Outre-Atlantique, les éditeurs peuvent choisir un modèle de distribution en must-carry pour avoir la garantie d’être distribué par les câblo-opérateurs, mais renoncent ainsi à une rémunération. A l’inverse, s’ils renoncent au must-carry, ils peuvent négocier un accord de retransmission (« retransmission consent ») pour tenter d’obtenir une rémunération. Depuis une dizaine d’années, le glissement des rapports de force a permis aux principales chaînes nationales gratuites d’exiger une rémunération croissante de la part des câblo-opérateurs. D’après le directeur exécutif du groupe CBS Corp., les frais de retransmission payés par les opérateurs à CBS atteindraient déjà le milliard de dollars en 2016, montant que le groupe espère doubler d’ici 2020.
Un risque de remise en cause des équilibres du marché selon les distributeurs
Premier distributeur auditionné, le groupe Canal Plus s’est fermement opposé au principe d’une rémunération des chaînes gratuites, soulevant l’incompatibilité de celle-ci avec la procédure de reconduction simplifiée des autorisations délivrées par le CSA. Il a annoncé qu’il saisirait le CSA d’un règlement de différend, fondant son argumentaire sur l’article 42-3 de la loi du 30 septembre 1986. Cité par les représentants de Canal Plus, Iliad et SFR, cet article prévoit qu’une autorisation délivrée par le Conseil « peut être retirée, sans mise en demeure préalable, en cas de modification substantielle des données au vu desquelles l’autorisation avait été délivrée, notamment des changements intervenus dans la composition du capital social ou des organes de direction et dans les modalités de financement », le principe étant aujourd’hui une reprise gratuite par les distributeurs.
Par ailleurs, Canal et Iliad ont évoqué les multiples écrans noirs résultant des différends entre broadcasters et câblo-opérateurs aux Etats-Unis.

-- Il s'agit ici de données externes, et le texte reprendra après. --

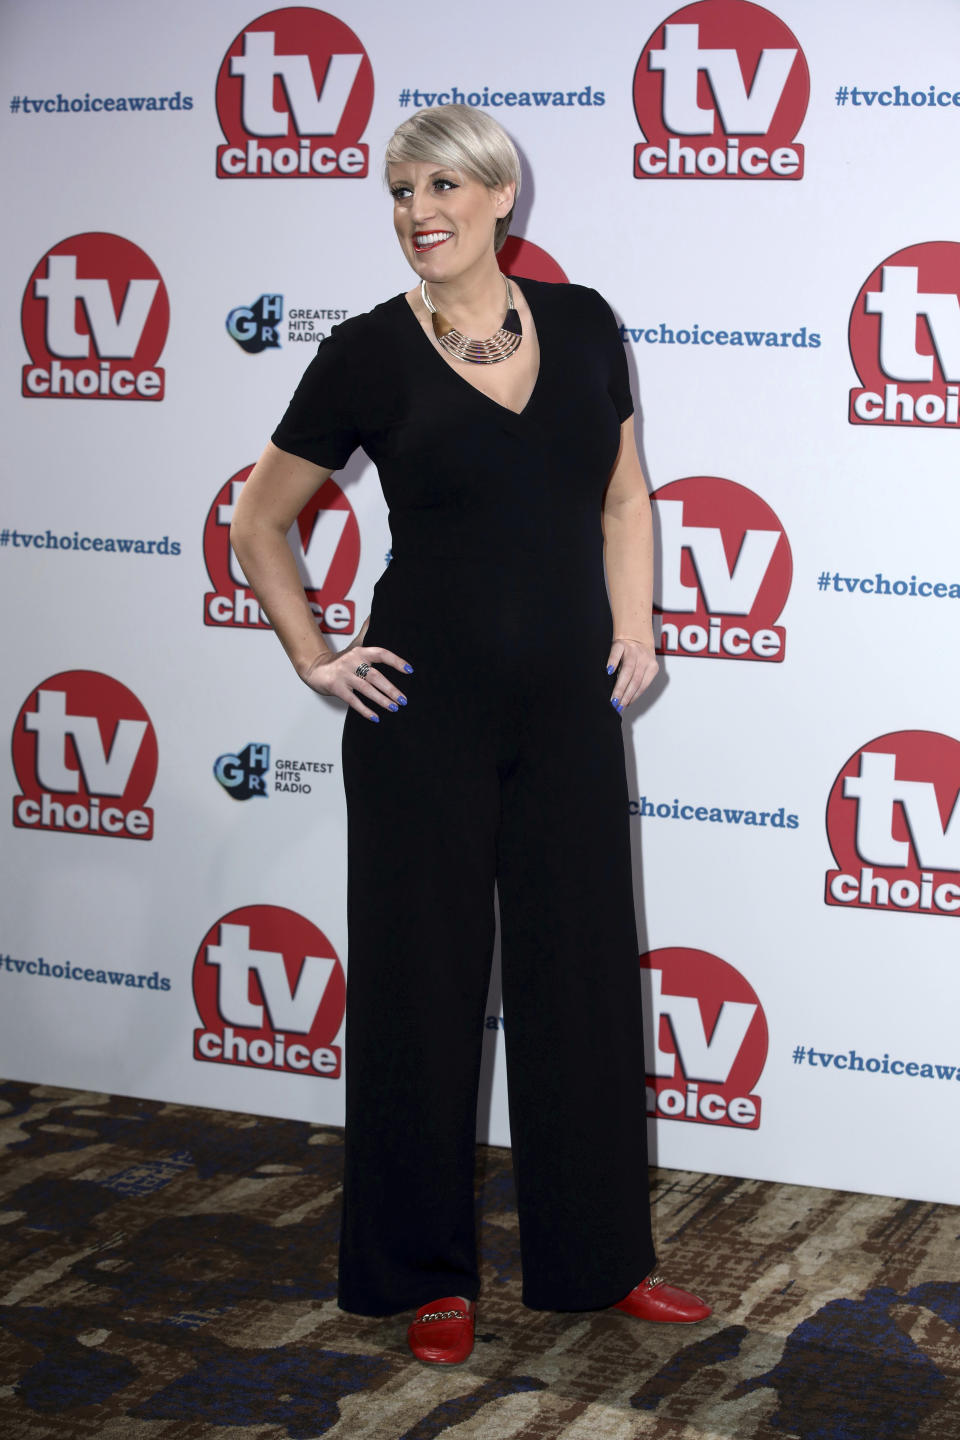 TV presenter Steph McGovern poses for photographers on arrival at the TV Choice Awards in central London on Monday, Sept. 9, 2019. (Photo by Grant Pollard/Invision/AP)
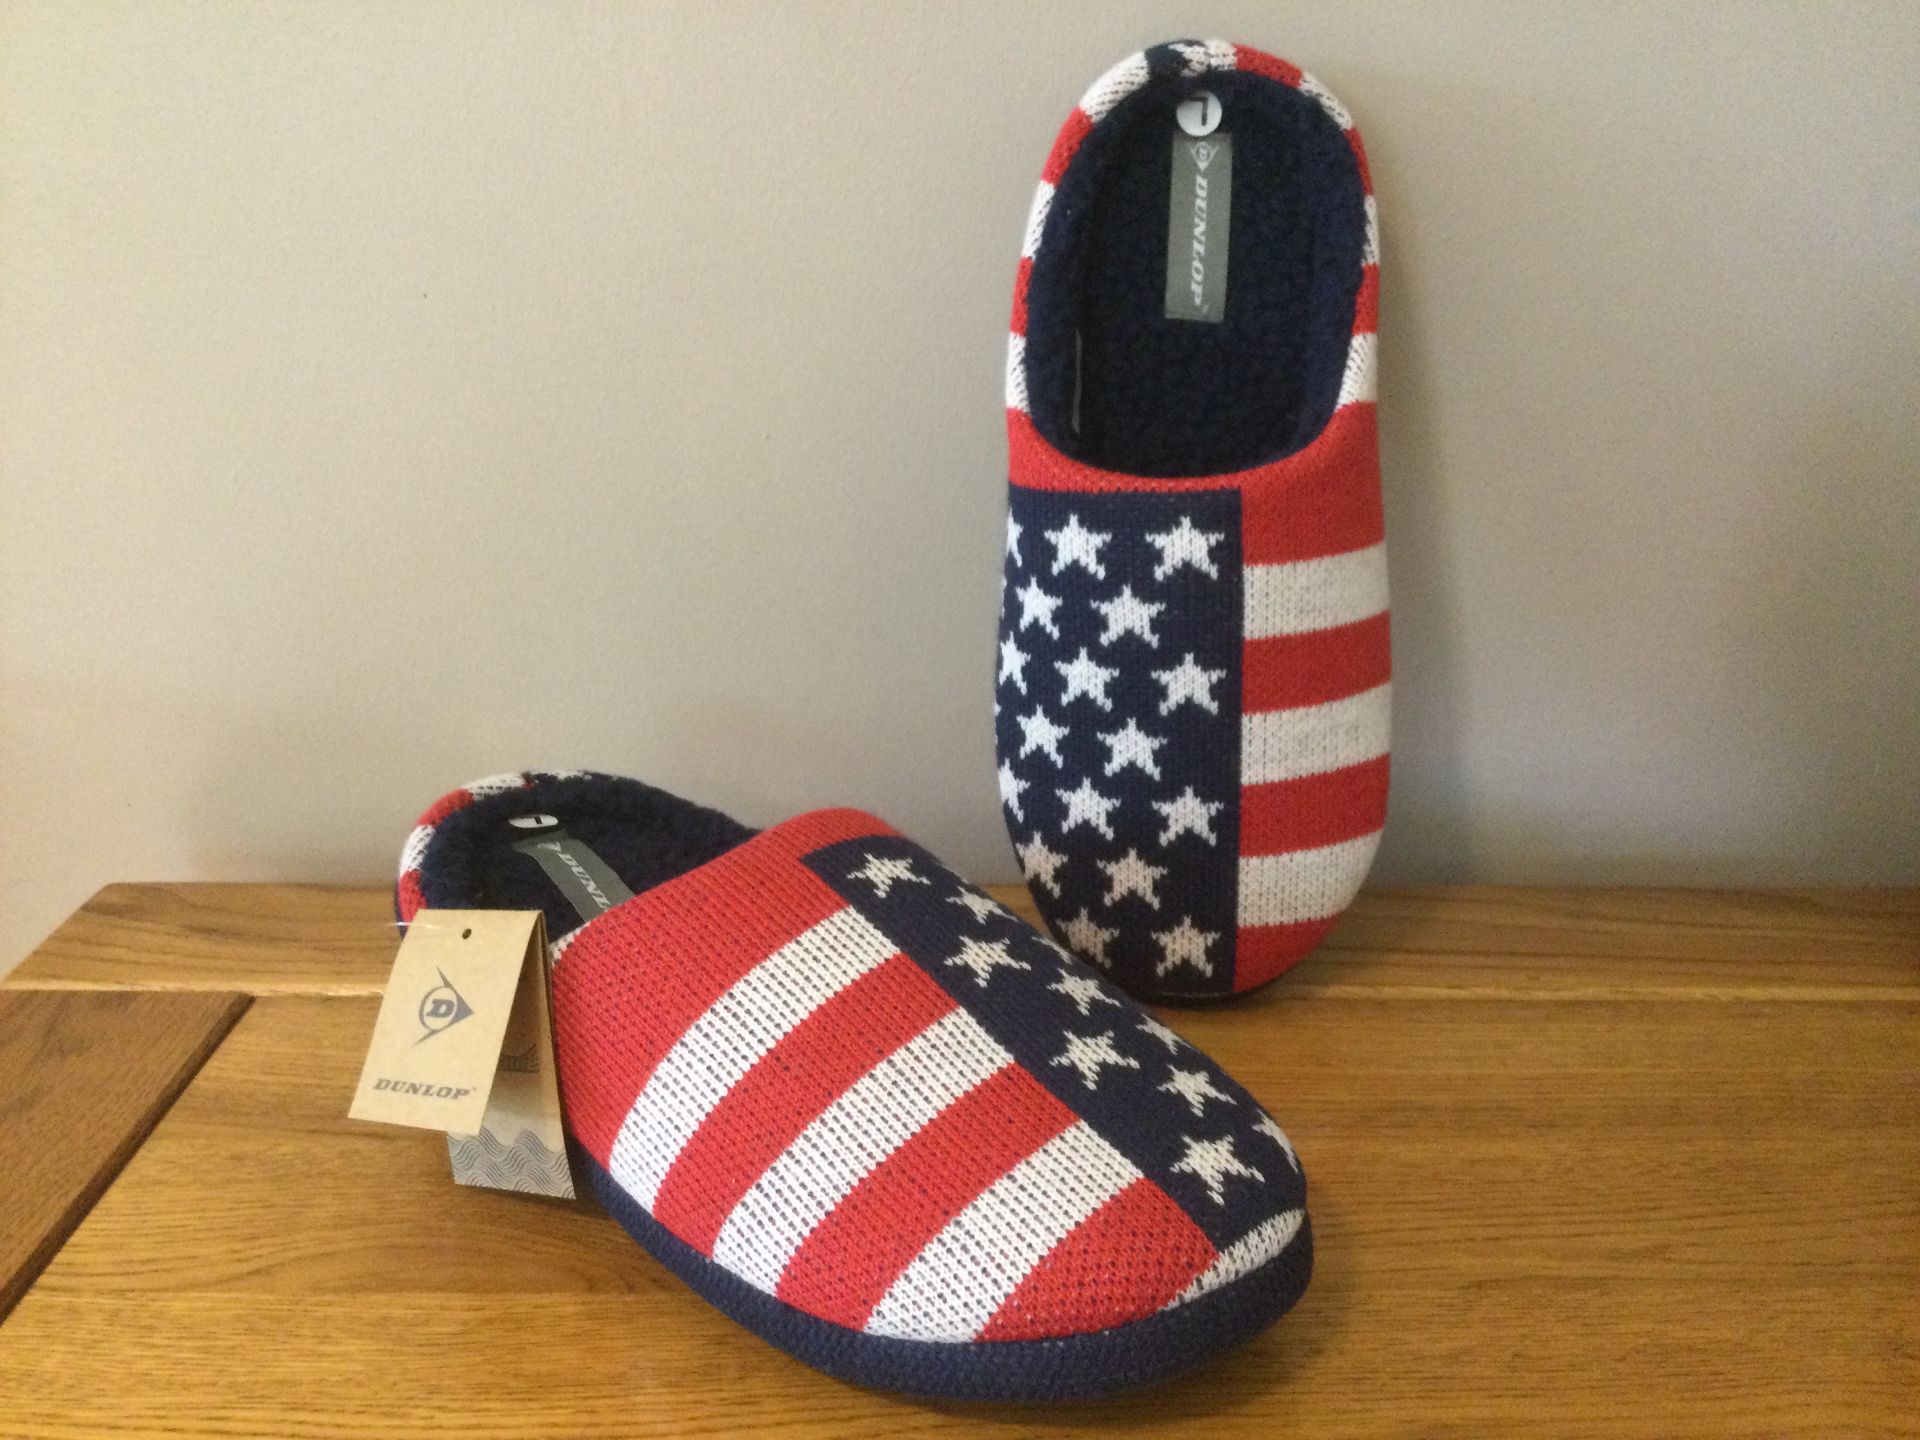 Men's Dunlop, “USA Stars and Stripes” Memory Foam, Mule Slippers, Size L (10/11) - New - Image 3 of 5

En 2013 par exemple, refusant de se plier aux demandes de rémunération de CBS, première chaîne nationale gratuite, Time Warner Cable avait cessé sa diffusion pendant un mois dans les régions de New York, Dallas et Los Angeles, avant de parvenir à un accord. Orange a également souligné qu’au Royaume-Uni, le principe d’une rémunération des chaînes gratuites a été écarté par le gouvernement au profit d’une balance des paiements égalitaire (« zero net fees ») entre éditeurs et distributeurs. En effet, suite à une consultation publique menée par le Ministère de la Culture, ce dernier a conclu que celle-ci conduirait à déstabiliser le marché.
Enfin, le groupe SFR a évoqué la possibilité d’une répercussion des coûts engendrés par une rémunération des chaînes gratuites sur celle des chaînes thématiques indépendantes, qui sont « fragiles d’un point de vue financier ». De plus, Orange a rappelé l’obligation pour le distributeur de respecter un plan de numérotation qui serait remis en question par l’instauration d’une rémunération des chaînes du groupe TF1. Leur mise en avant par une numérotation favorable serait « un paradoxe » en cas de rémunération, d’après le distributeur.
A noter que la position de SFR sur ce dossier a fait l’objet de questionnements de la part du conseiller Nicolas About, alors que le groupe demande une rémunération aux autres distributeurs pour la reprise de sa nouvelle chaîne BFM Paris, actuellement disponible sur le canal 30 de la TNT en Ile-de-France et sur les box SFR. Reçue par plus de 10 millions de personnes, la chaîne est par définition « nationale gratuite ».